Sur le plan des principes, cette solution apparaît logique. En tant qu’exception, l’arrêt de 2008 devait être interprété strictement. Par ailleurs, du point de vue des droits de l’entreprise mise en cause, celle-ci serait potentiellement soumise à trois jugements successifs sur les mêmes griefs : deux de l’Autorité et un de la cour d’appel en cas de recours contre la seconde décision de l’Autorité. La justification de l’exception apportée par l’arrêt de 2008 étant de ne pas mettre la cour d’appel dans la situation de devoir « mettre fin aux poursuites en l’absence d’éléments probants et ainsi de facto confirmer la décision du Conseil » (B. Cheynel, Effet dévolutif de l’appel et renvoi du dossier à l’instruction, RLC 2008, n° 15), un renvoi aux seules fins de l’instruction est suffisant.

Cependant, l’interprétation retenue par la cour d’appel opère un choix dans la lecture de la jurisprudence existante de la Cour de cassation.

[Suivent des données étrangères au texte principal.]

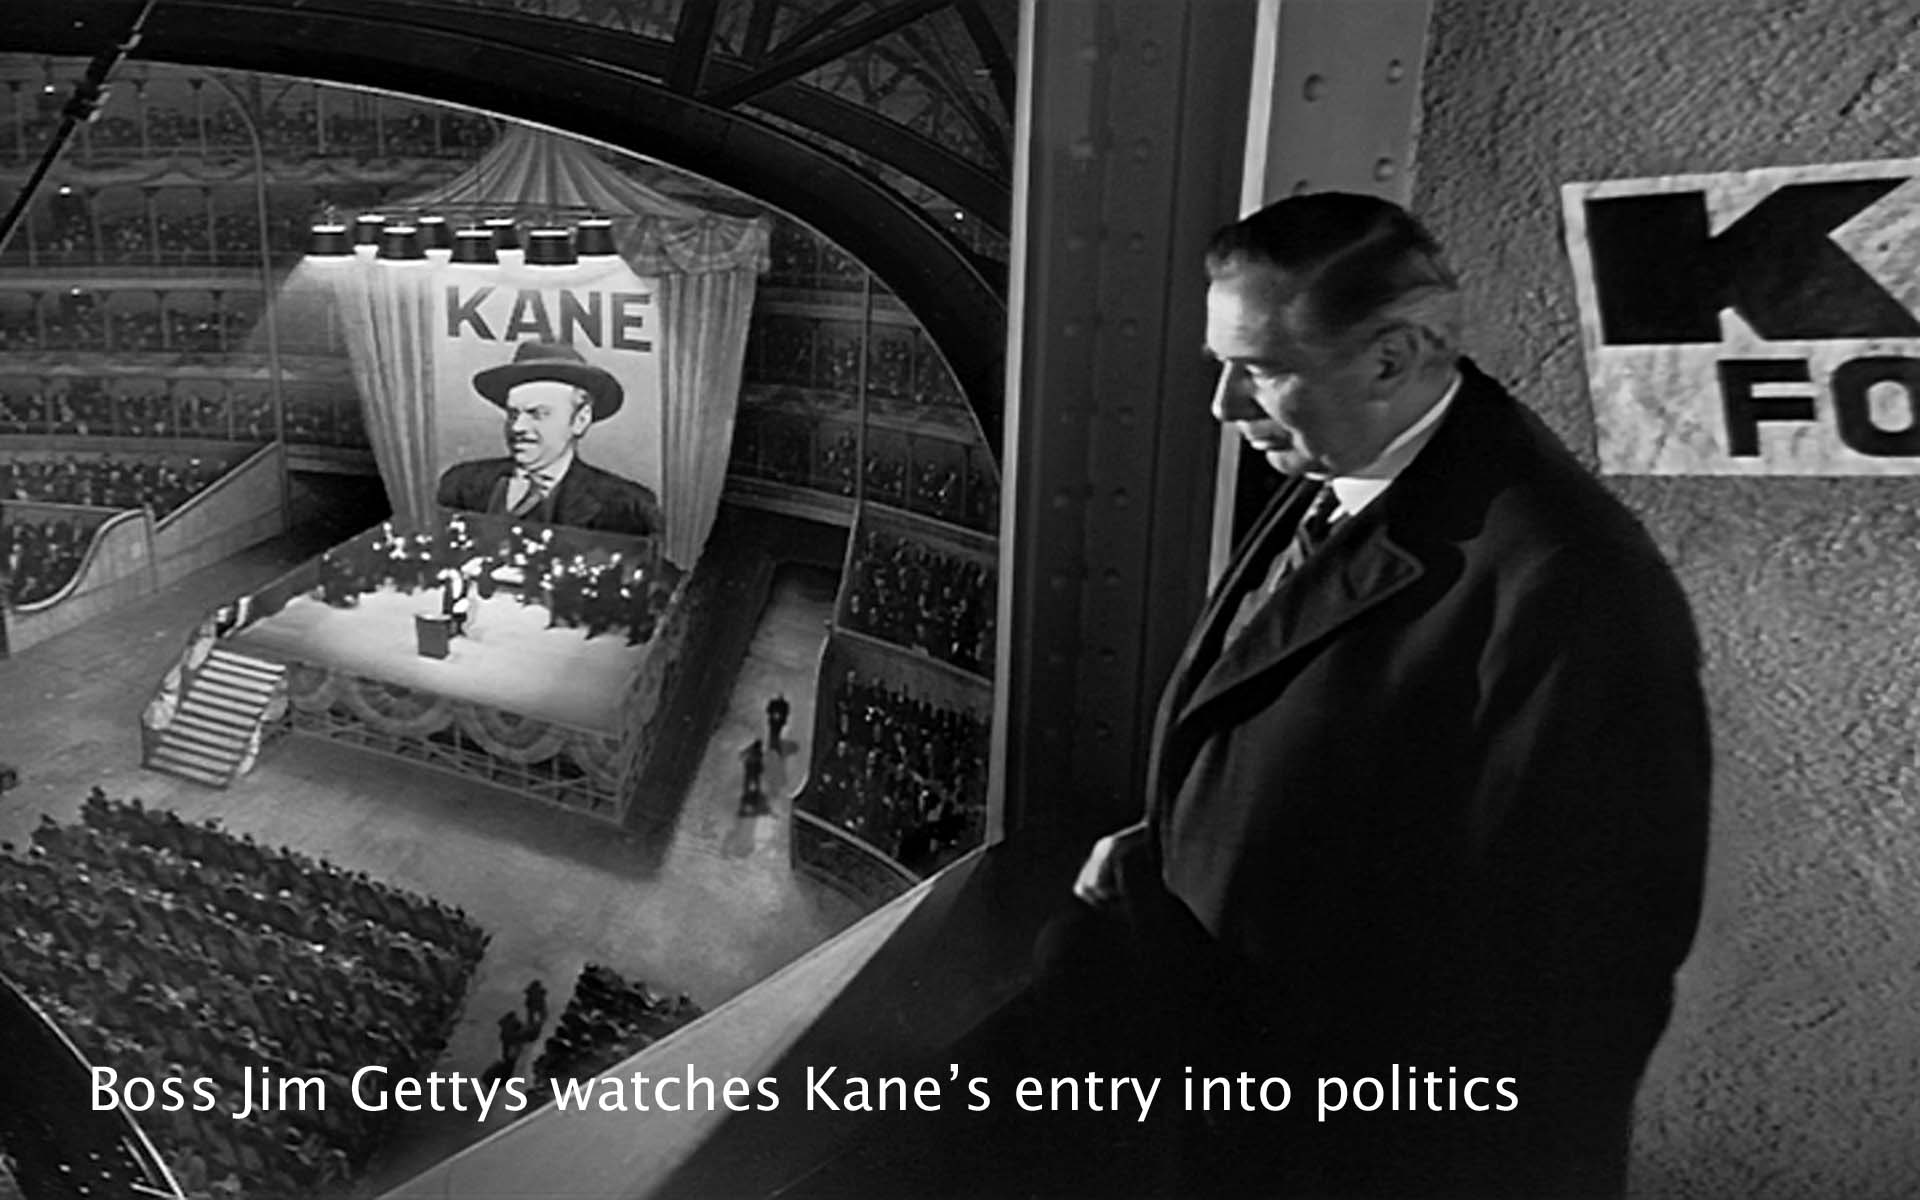 Boss Jim Gettys watches Kane's entry into politics

On verra si l’Autorité tente de remettre en cause ce choix par un pourvoi.

En l’état, le choix opéré par la cour d’appel fait apparaître une voie procédurale inédite de renvoi à l’Autorité pour instruction afin que la cour d’appel prenne une décision au fond. Les alternatives sont donc aujourd’hui les suivantes.

Si la cour d’appel annule une décision de l’Autorité, et s’il ne subsiste pas de communication des griefs valide, elle doit renvoyer le dossier à l’Autorité pour le tout ; il ne saurait être statué sans communication des griefs selon la procédure prévue par l’article L. 463-2 du code de commerce, procédure que ne peut pas mettre en œuvre la cour d’appel.

Si la cour d’appel annule la décision de l’Autorité, mais qu’une communication des griefs subsiste, la cour ne pourra jamais refuser de se prononcer sur le fond. Toutefois, il faudra distinguer deux situations. Soit elle dispose des éléments de fait suffisants pour le faire, auquel cas elle pourra directement statuer. Soit elle ne dispose pas de ces éléments car l’instruction a été annulée (Com. 26 févr. 2008, n° 07-14.126, préc.) ou est devenue insuffisante et doit être complétée (Paris, 27 juin 2024, n° 20/04300, préc.). Dans ce cas, si elle ne dispose pas des éléments de fond, elle peut demander des mesures d’instruction prévues par le code de procédure civile, ou bien renvoyer à l’Autorité pour procéder à une instruction complémentaire en usant des moyens prévus par le titre V du livre IV du code de commerce.

Marqué par un arrêt de renvoi préjudiciel, par un arrêt avant dire droit, par un arrêt d’interprétation de l’arrêt avant dire droit, par un renvoi pour instruction devant l’Autorité de la concurrence avant (nous l’espérons) un arrêt tranchant le litige, le recours exercé par Towercast aura montré une belle palette des incidents d’instance. L’avenir nous dira si le requérant en aura pour sa peine.